Global State of Information Security Survey: Automotive

The fast growing sources of security incidents in the automotive industry

Security incidents and financial costs accelerate

Advances in telematics, networked manufacturing tools, and sensor-based equipment are transforming how automotive companies produce vehicles and work with business partners. They also have contributed to increased cybersecurity risks. Automotive firms report a 32% jump in detected incidents and a larger surge in financial losses. Employees remain the most-cited culprits, but incidents caused by hacktivists and competitors are rapidly increasing.

Putting the brakes on spending

Despite rising risks, information security spending among automotive companies declined in 2014. One explanation may be that some organizations are shifting vehicle security responsibilities --and security budgets --from IT to the research and development and design divisions.

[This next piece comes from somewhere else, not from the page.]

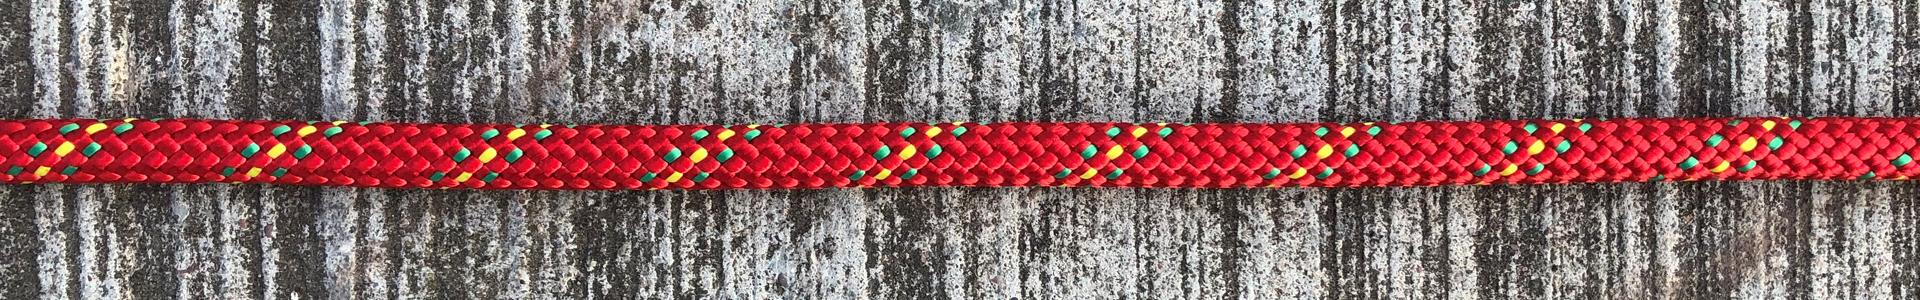 nexus - island ropes image
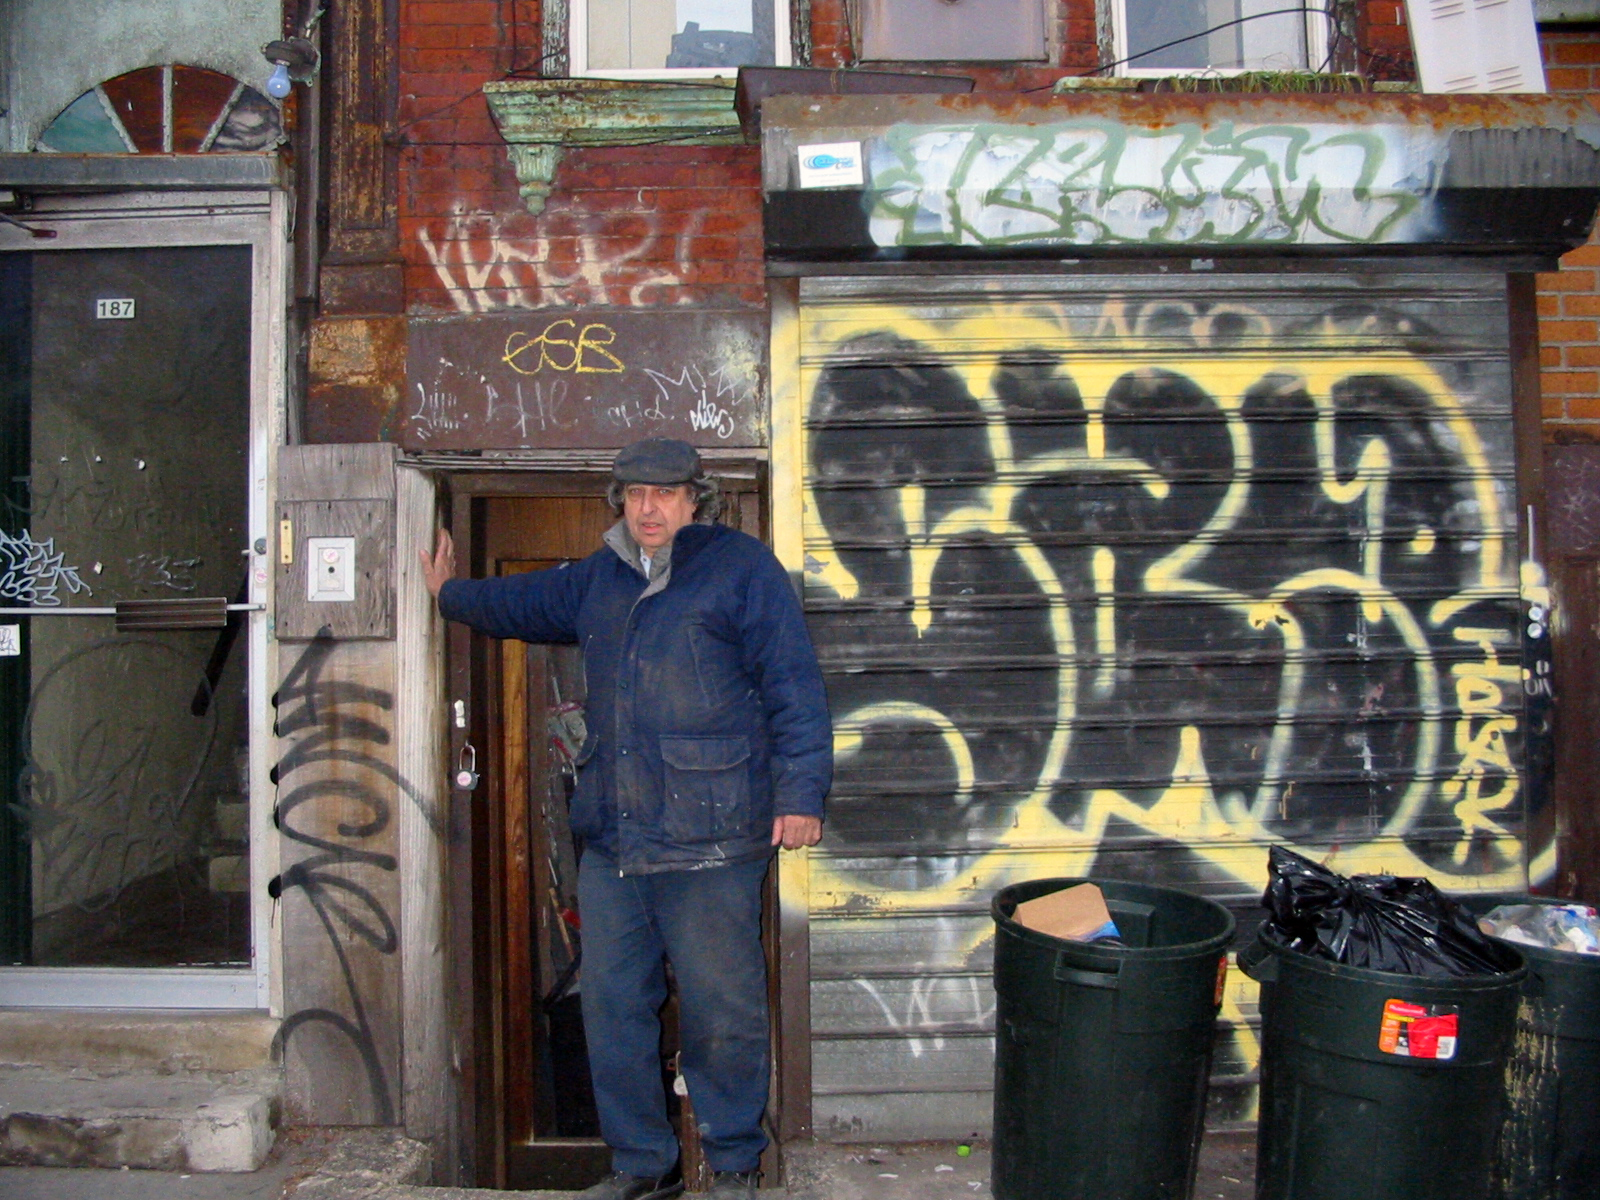 Chrystie Street, New York City

The road to the Internet of Things

Individual automobiles, automotive operational systems, and IT are increasingly interconnected, which can increase risks to data security, privacy, and even human safety. Many businesses have begun the race toward the Internet of Things by offering telematics and real-time vehicle diagnostics --but have not implemented security safeguards for these services. What's more, managing risks will become increasingly challenging as more electronic data is shared among more partners and manufacturers.

Rising third-party risks

Assessing the security practices of connected business partners will become more important as the Internet of Things expands. Already, we have seen an uptick in threat actors who leverage connected business ecosystems and supply chains to access automotive companies' networks and data. Yet we found that many respondents do not have the due diligence processes, technologies, and people skills in place to address these sophisticated threats.

Gains in strategic safeguards

Despite declines in certain security practices, some organizations show progress in adopting fundamental security initiatives. More companies have hired a Chief Information Security Officer, for instance, and have taken steps to improve communications and create a top-down culture of security. We also found an increasing commitment to sharing information about security intelligence with external organizations.